In the next step, we used a sample whose knee plot was smooth with no cliff or knee, likely due to a large amount of ambient RNA in the background and poor wetting failure (Fig. 3a). The cell-type specific enrichment analysis was applied to discriminate between true variation and background noise. As a result, we found that 62 cells did not enrich with any cell type (Fig. 3b). The location of detected non-relevant cells on the knee plot showed aggregation after inflection point. It means filtering out non-relevant cells can improve the accuracy of cell calling, especially for samples with wetting failure. We observed ambient RNA profiles detected by enrichment analysis, mainly enriched in the bottom-left corner of the quantification plot (Fig. 3c). UMAP projection plot did not show an accumulation of ambient RNA profiles for specific clusters or regions (Fig. 3c).

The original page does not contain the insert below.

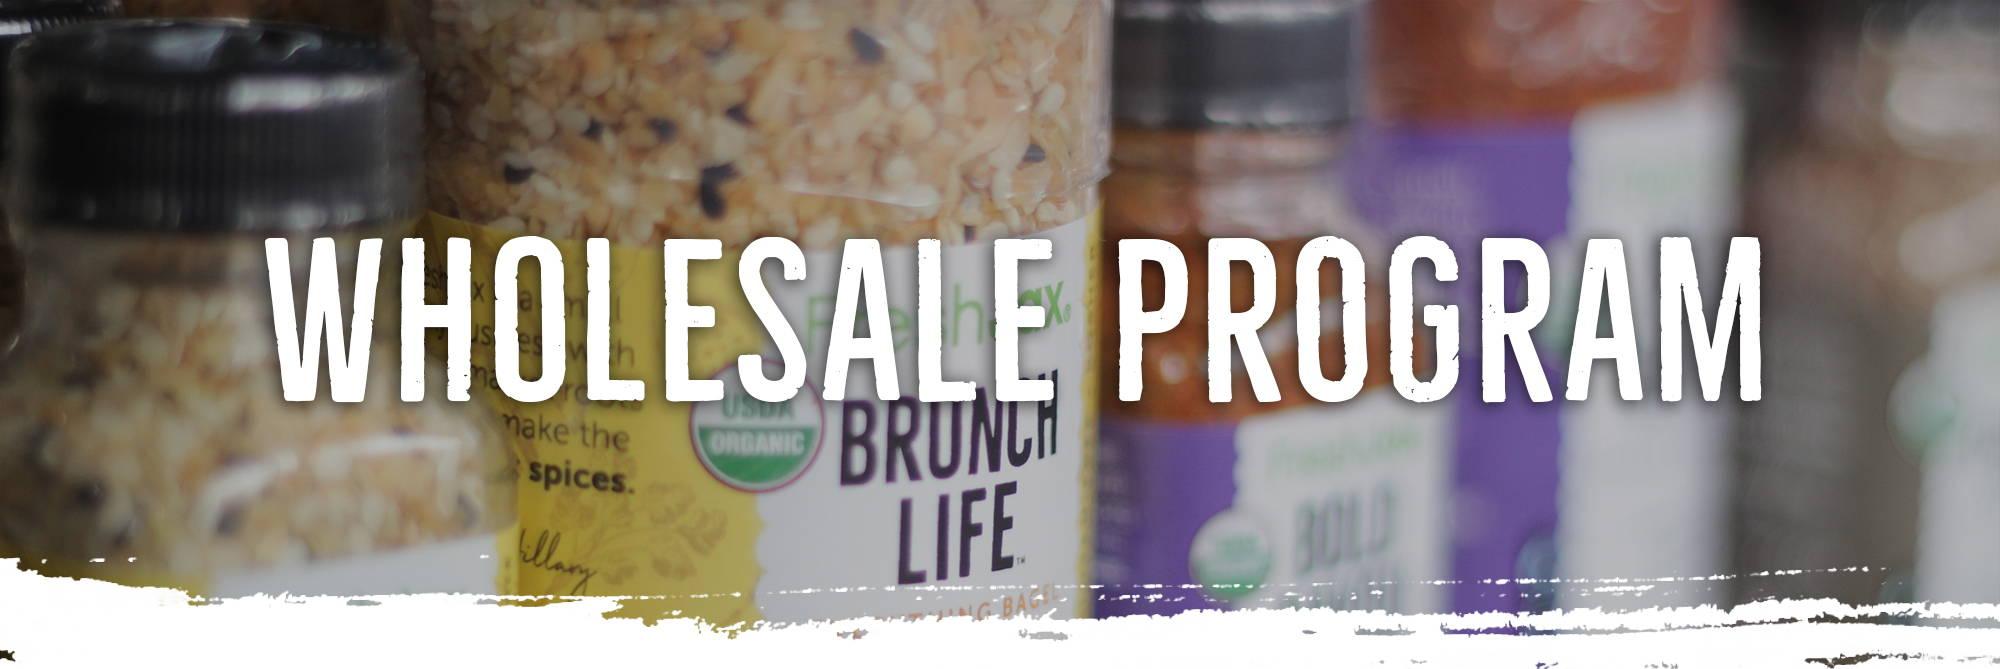 Wholesale Program

We compared the expression profile of these 62 cells versus the ambient RNA profile estimated using small barcodes by the EmptyDrops algorithm which did not flag them as empty droplets [8]. Scran package was applied to detect doublets/multiplets, and 29 cells scored as potential doublets (score > 1.5 marked as doublets) [9]. Therefore, the 62 cells cannot be some novel cell types, and by removing them, we do not lose potential novel biological findings. Further exploration using 286 single-cell gene expression profiles from humans and mice similarly did not show a significant association between the number of cells per sample and the number of detected cells as background noise using cell-type enrichment analysis (Supplementary File S1) (Fig. 3d). These findings confirm that confounding variables, such as cell detection rate, do not affect the application of cell-type specific enrichment analysis to discriminate between cells and expression activity associated with ambient RNA.

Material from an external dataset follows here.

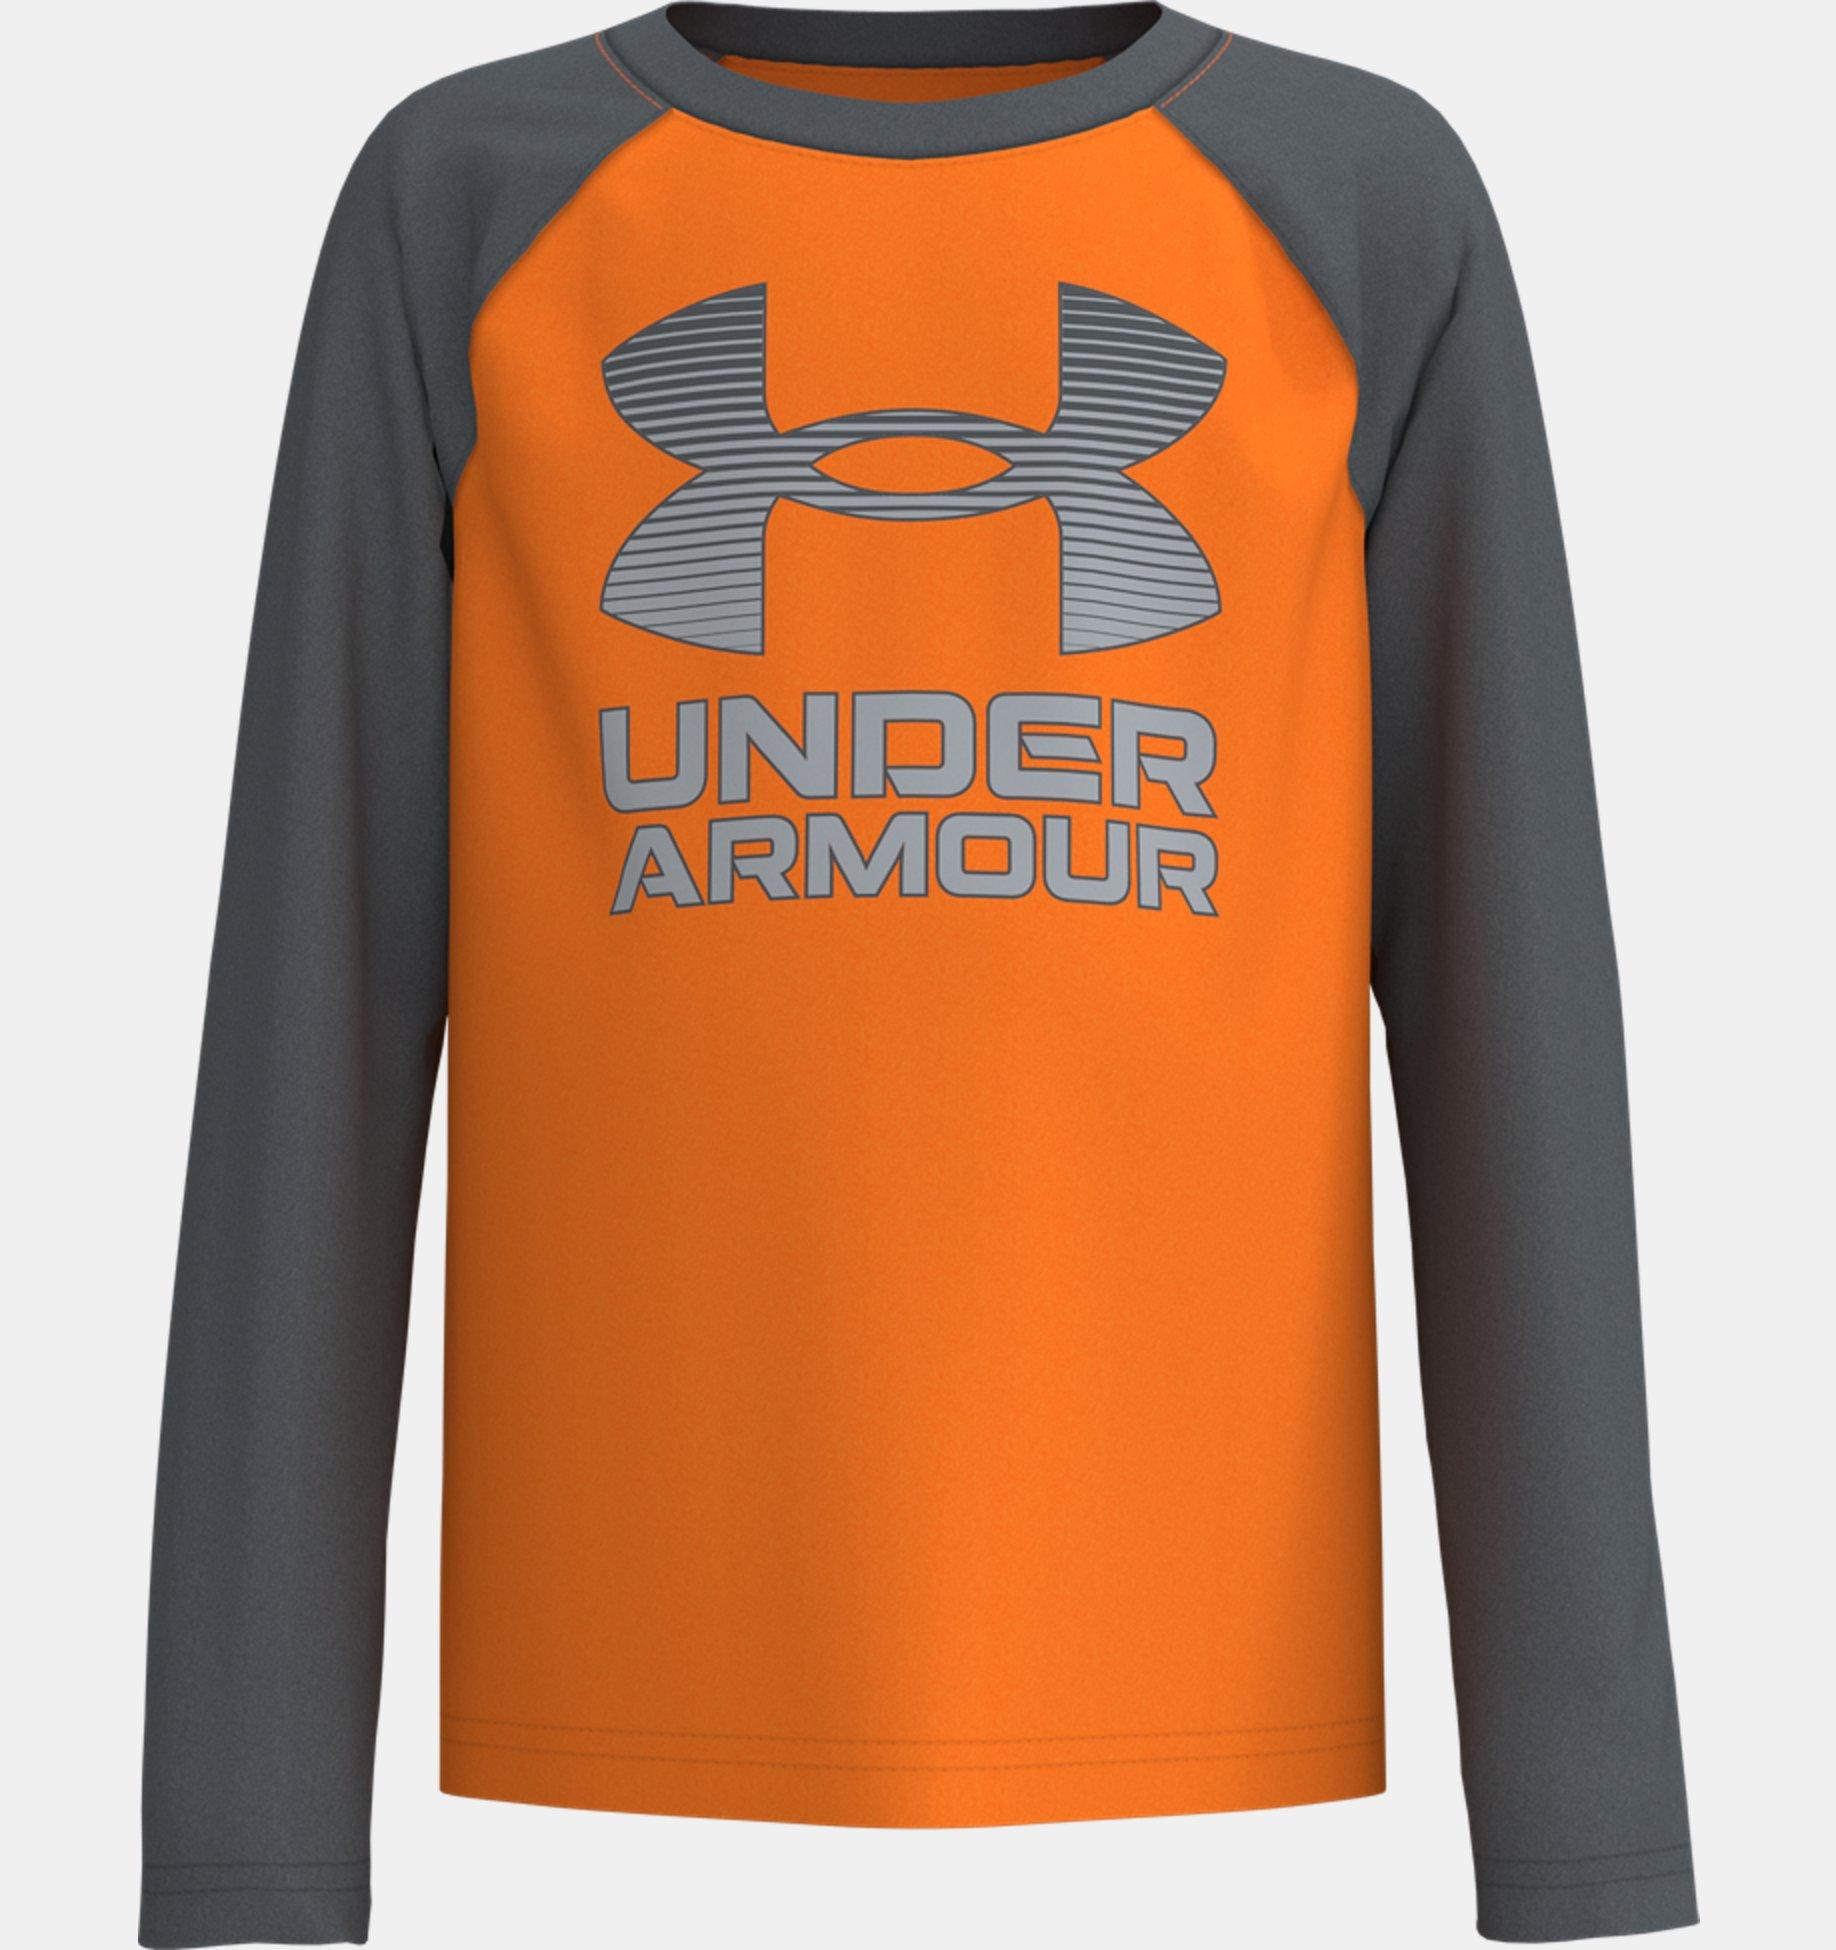 Underarmour Boys Infant UA Symbol Raglan Long Sleeve

We use the summary of QC measures from 342 shallow sequenced gene expression profiles from humans and mice to specify the optimal sequencing saturation required to run the CellTypeEnrichment() function (Fig. 4a). The results showed that sequencing saturation may influence the ability of cell type enrichment analysis using scQCEA, and the estimated minimum sequencing saturation and a fraction of reads in cells required for this tool to function are 11.3% and 15.5%, respectively (Fig. 4b-c). The recommended number of cells per sample and reads per cell for standard pooled scRNA-seq workflows would provide optimal input for the CellTypeEnrichment() function (50,000 reads per cell to have about 1,200 to 4,000 genes per cell).

Fig. 4
figure 4

a QC metrics generated by the Cell Ranger tool for 342 human and mouse gene expression profiles. The CellTypeEnrichment() function could successfully generate results for samples with 11.3% sequencing saturation (b) and 15.5% fraction reads in cells (c)

Comparison to other tools

Several other tools that can perform quality control have been introduced. While many formats are available to store the results of scRNA-seq analysis (e.g., h5ad), we use CSV as a generic data transfer format for required inputs to run scQCEA. Although other packages can generate interactive reports, including general QC metrics, scQCEA includes visualisation of different approaches (e.g., CITE-SEQ, VDJ, mxATAC). Furthermore, no other toolkits currently use cell-type enrichment analysis to allow expression-based quality control of sets of samples (Table 1). scQCEA can be applied to analyse and report both single cell 3' and 5' gene expression libraries, as the two assays are similar but capture different ends of transcripts. scQCEA generates a section in the interactive report, called GML (Grouped Multiple Libraries per sample), to present the aggregated QC measures for several sequencing runs of the same library (e.g., increase read depth by resequencing the same library).scQCEA visualises QC metrics in standardised HTML reports and stores result in zip format, which facilitates archiving the reports and keeping track of experimental and computational experiments. For a large data set including 56 gene expressions and 16 VDJ profiles, the run time of generating an interactive QC report using the GenerateInteractiveQCReport() function is 21.03 s.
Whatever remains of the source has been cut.